Given that different people can have vastly different accents and different ways of speaking the same thing, it is no wonder that the speaker-independent ASR systems (which basically use a one-size-fit-all approach) have a limit on how high the recognition accuracy can be. However, by using the approaches described above in this subsection to make ASR systems speaker-dependent, without the requirement to train it explicitly, the recognition accuracy for ASR system may significantly improve.


Accordingly, in embodiments, ASR stage 1734 may operate in various ways to perform automatic speech recognition based at least in part on the identity of the near-end speaker. FIG. 18 depicts a flowchart 1800 of an example method for performing automatic speech recognition based at least in part on the identity of the near-end speaker. The method of flowchart 1800 will now be described with continued reference to FIG. 17, although the method is not limited to that implementation. Other structural and operational embodiments will be apparent to persons skilled in the relevant art(s) based on the discussion regarding flowchart 1800.


As shown in FIG. 18, the method of flowchart 1800 begins at step 1802. At step 1802, a generic acoustic model of speech is adapted to a target speaker based on speaker identification information. For example, as shown in FIG. 17, acoustic model adaptation logic 1704 adapts generic acoustic model 1702 to obtain adapted acoustic model 1706, which is an acoustic model that is adapted to a target near-end speaker based on speaker identification information.


At step 1804, automatic speech recognition is performed based at least on the adapted acoustic model and a near-end speech signal. For example, as shown in FIG. 17, speech recognition logic 1708 performs automatic speech recognition based at least on adapted acoustic model 1706 and speech signal 1712.


H. Speech Encoding Stage


Speech encoding stage 236 may be configured to perform speech encoding operations based at least in part on the identity of a near-end user during a communication session. For example, uplink SID logic 216 may provide speaker identification information that identifies the target near-end speaker to speech encoding stage 236, and speech encoding stage 236 may encode a speech signal in a manner that uses such speaker identification information. The speech signal may be a version of a near-end speech signal (e.g., speech signal 220 as shown in FIG. 2) that was previously-processed by one or more uplink speech processing stages (e.g., AEC stage 222, MMNR stage 224, SCNS stage 226, RES stage 228, SCD stage 230 and/or WNR stage 232).
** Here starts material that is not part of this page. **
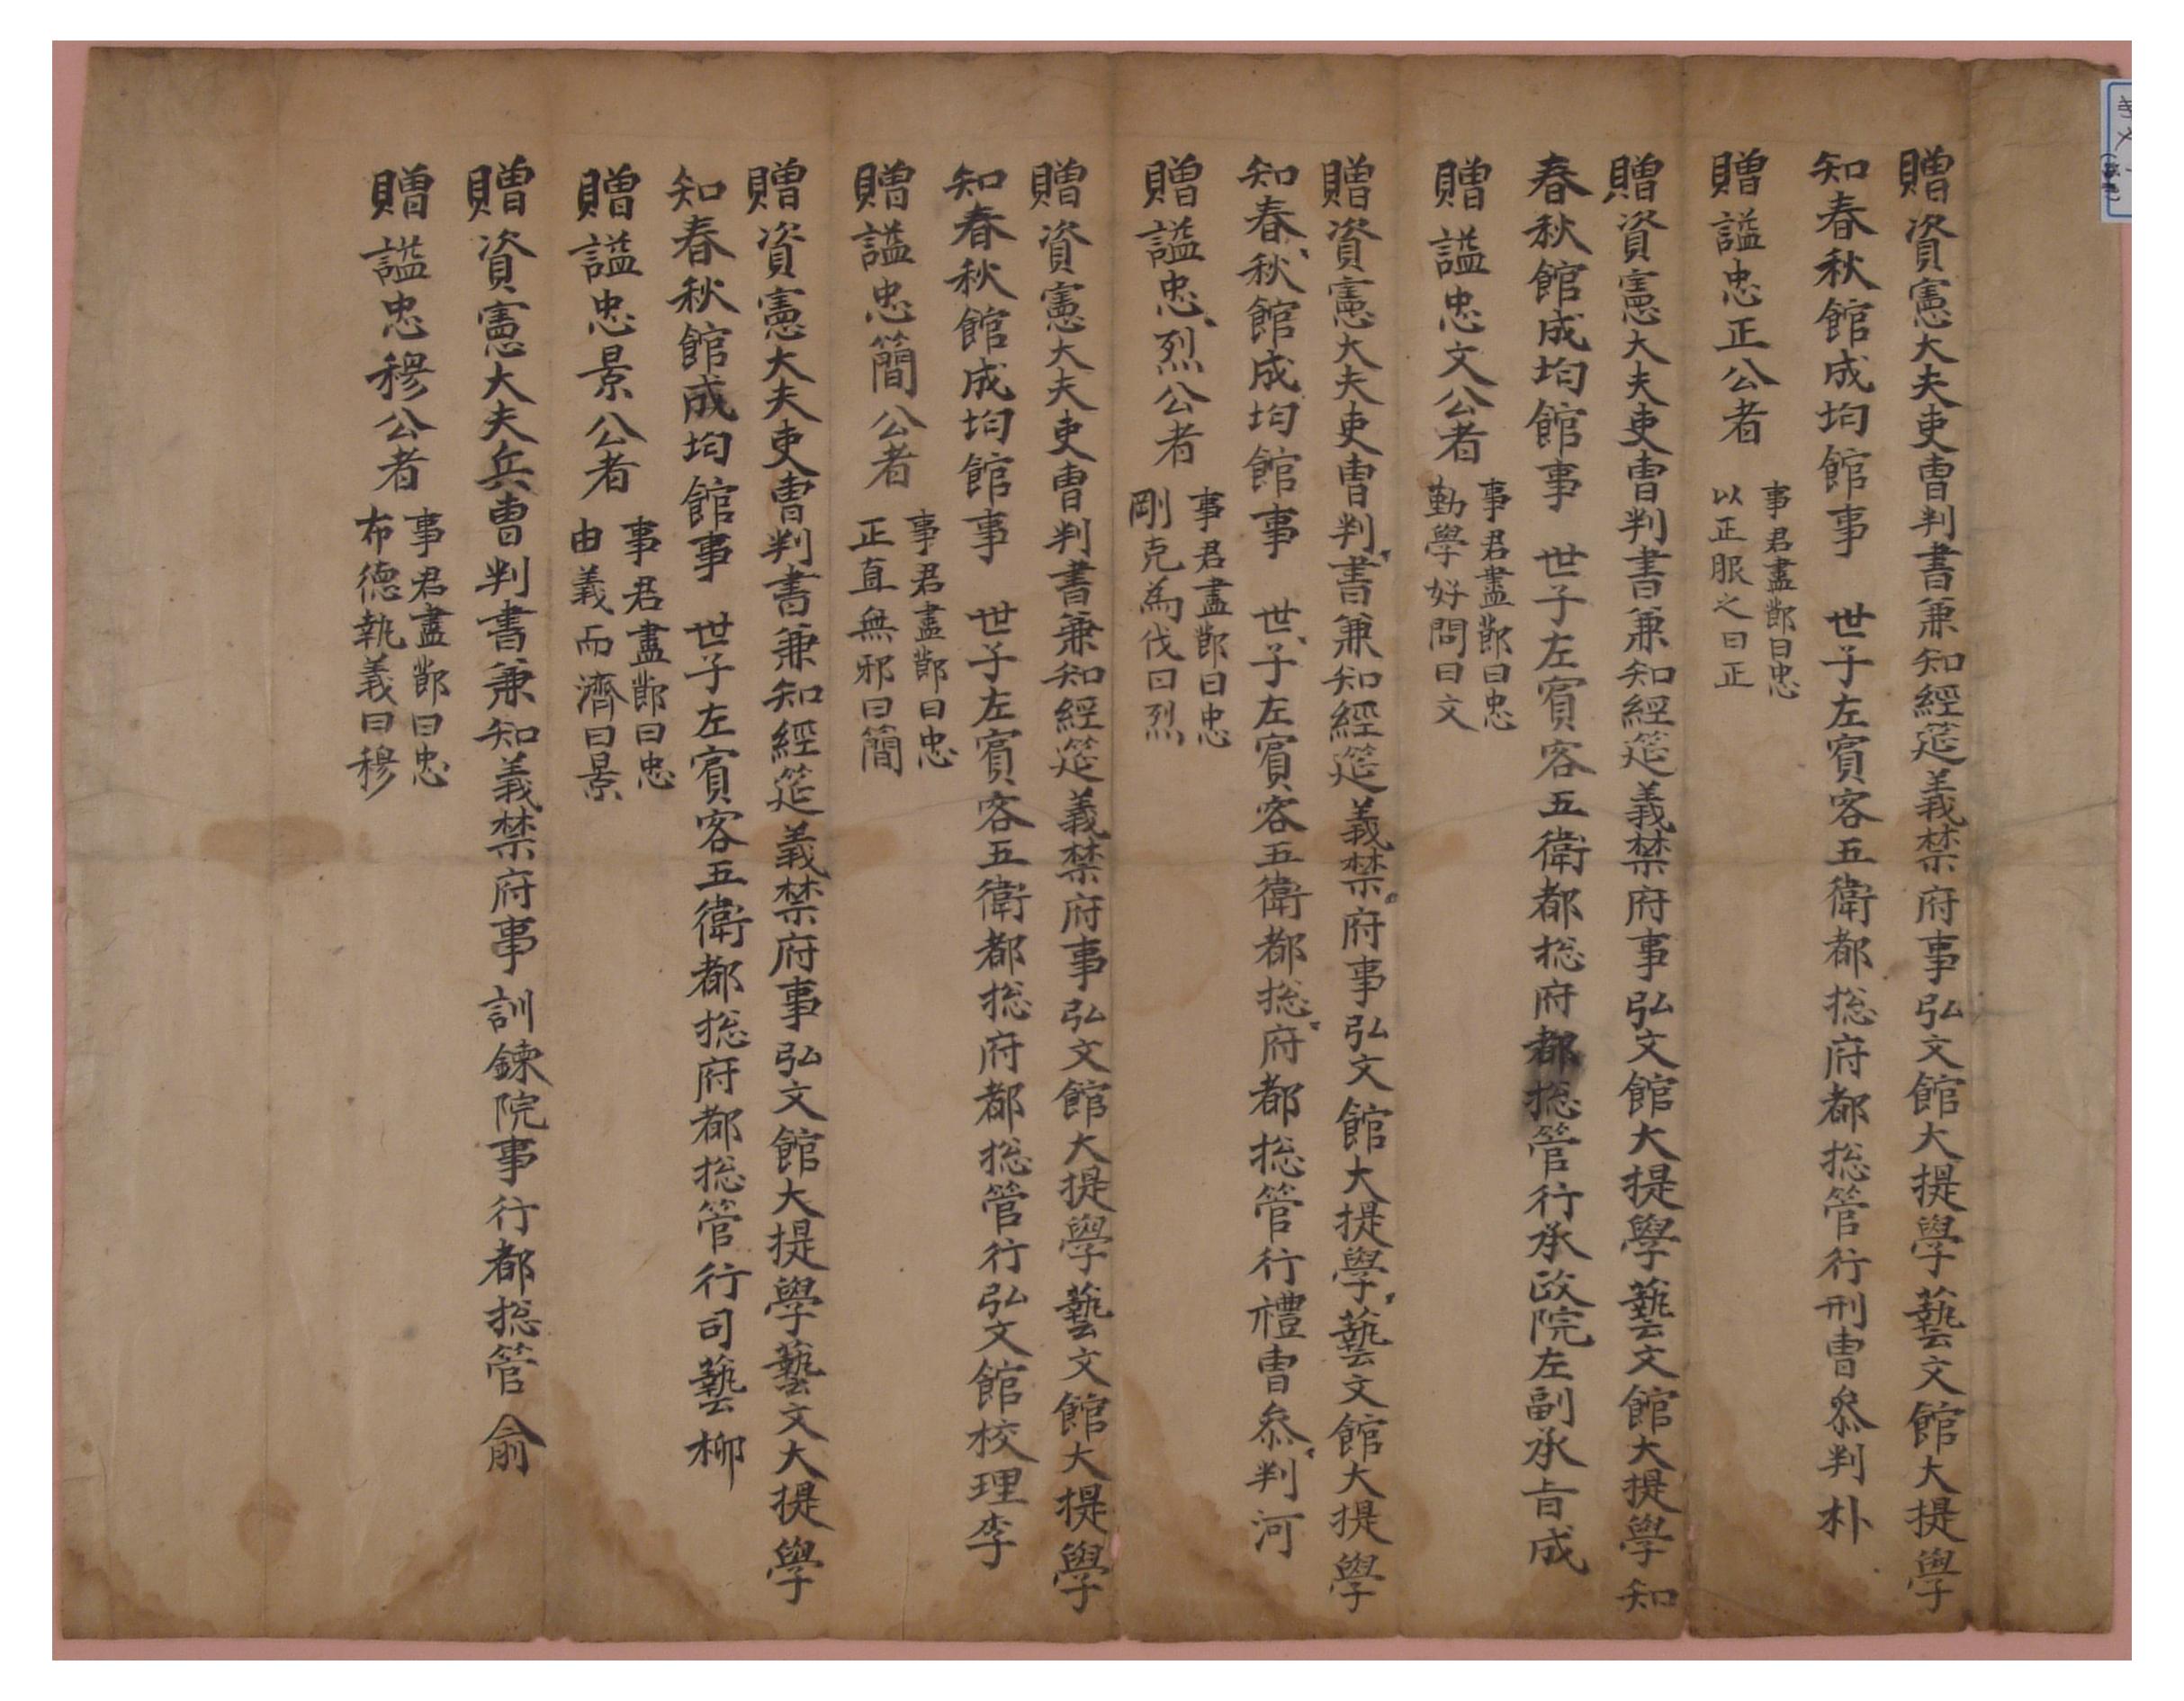 조선시대 사육신의 복권된 관직과 시호를 기록한 글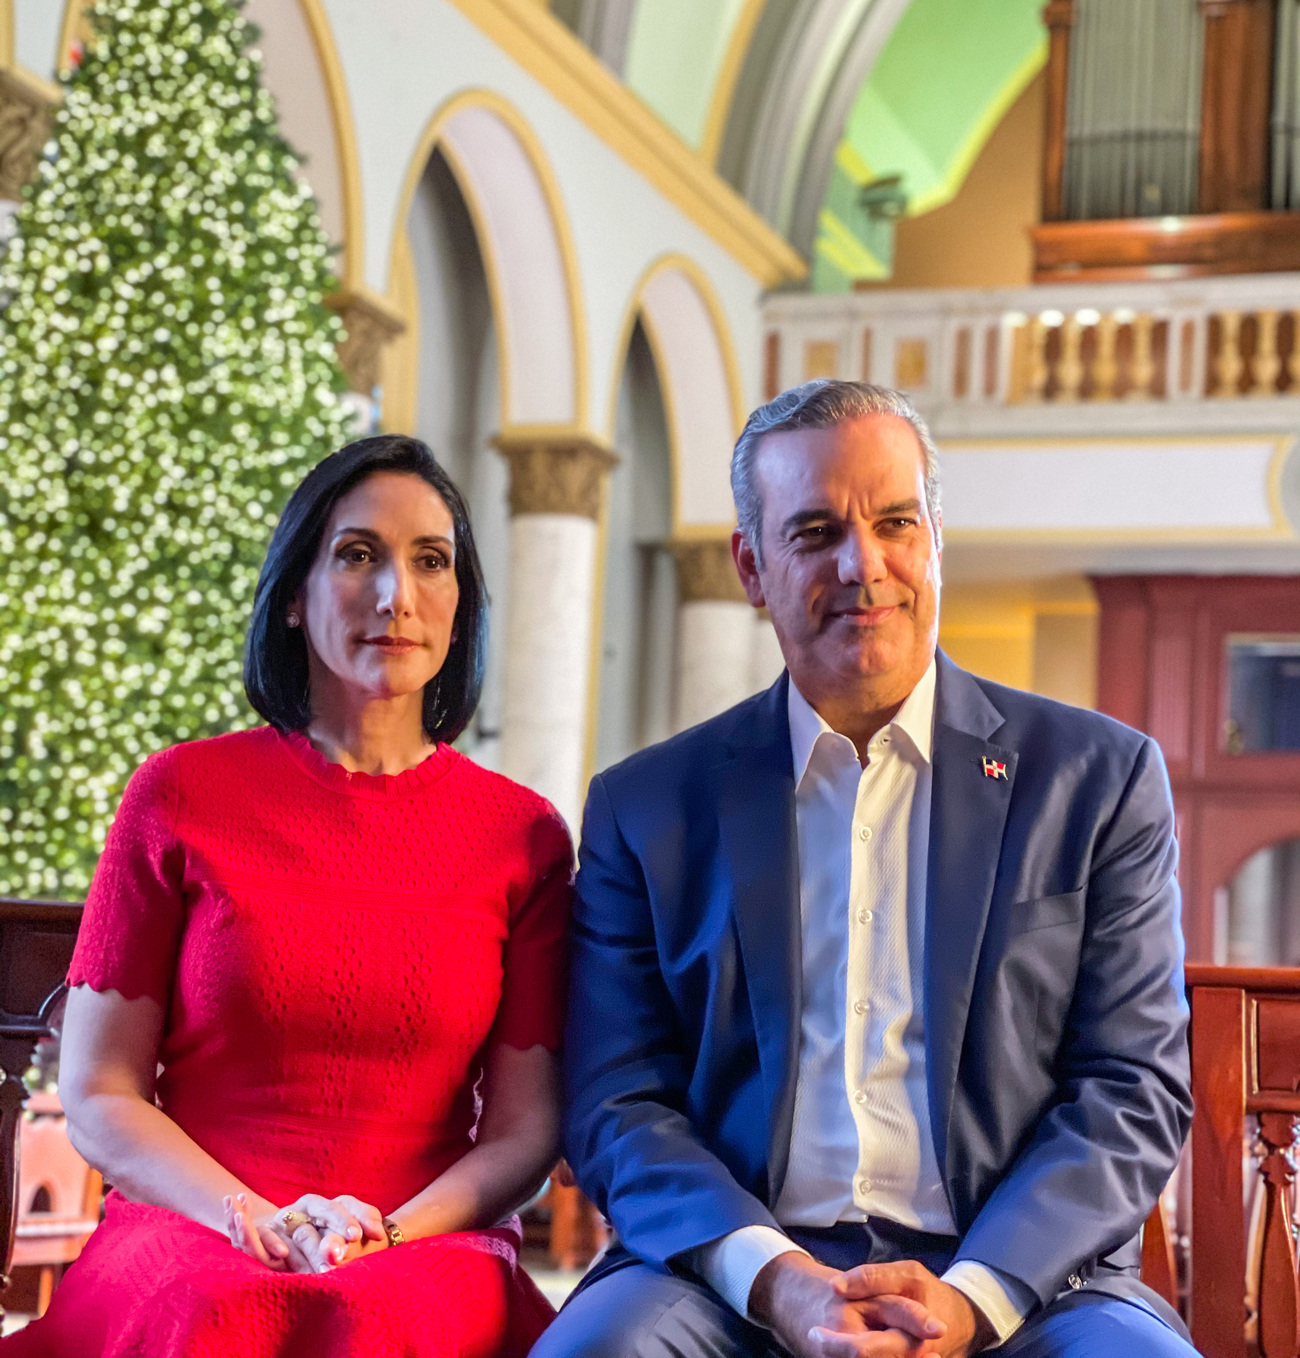 REPÚBLICA DOMINICANA: Presidente Abinader y la primera dama Raquel Arbaje piden protegerse y proteger a los demás durante las celebraciones Navideñas

In an embodiment, the received speech signal is encoded in a manner that uses speaker identification by modifying a configuration of a speech encoder. Modifying a configuration of the speech encoder may comprise, for example, replacing a speaker-independent quantization table or codebook with a speaker-dependent quantization table or codebook or replacing a first speaker-dependent quantization table or codebook with a second speaker-dependent quantization table or codebook. In another embodiment, a configuration of a speech encoder may be modified by replacing a speaker-independent encoding algorithm with a speaker-dependent encoding algorithm or replacing a first speaker-dependent encoding algorithm with a second speaker-dependent encoding algorithm. It is noted that the modification(s) described above may require corresponding modification(s) to a speech decoder (e.g., included in downlink speech processing logic 112 as shown in FIG. 1 and/or included in a far-end communication device) in order for the decoding operations to be performed properly. Further details concerning how a speech signal may be encoded in a speaker-dependent manner may be found in commonly-owned, co-pending U.S. patent application Ser. No. 12/887,329 (Attorney Docket No. A05.01180002), entitled “User Attribute Derivation and Update for Network/Peer Assisted Speech Coding” and filed on Sep. 21, 2010, the entirety of which is incorporated by reference as if fully set forth herein.


IV. Other Embodiments

The various uplink speech processing algorithm(s) described above may also use a weighted combination of speech models and/or parameters that are optimized based on a plurality of measures of confidences associated with one or more target near-end speakers. Further details concerning such an embodiment may be found in commonly-owned, co-pending U.S. patent application Ser. No. 13/965,661, entitled “Speaker-Identification-Assisted Speech Processing Systems and Methods” and filed on Aug. 13, 2013, the entirety of which is incorporated by reference as if fully set forth herein


Additionally, it is noted that certain uplink speech processing algorithms described herein (e.g., single-channel noise suppression) may be applied during downlink speech processing (e.g., in downlink speech processing logic 112 as shown in FIG. 1).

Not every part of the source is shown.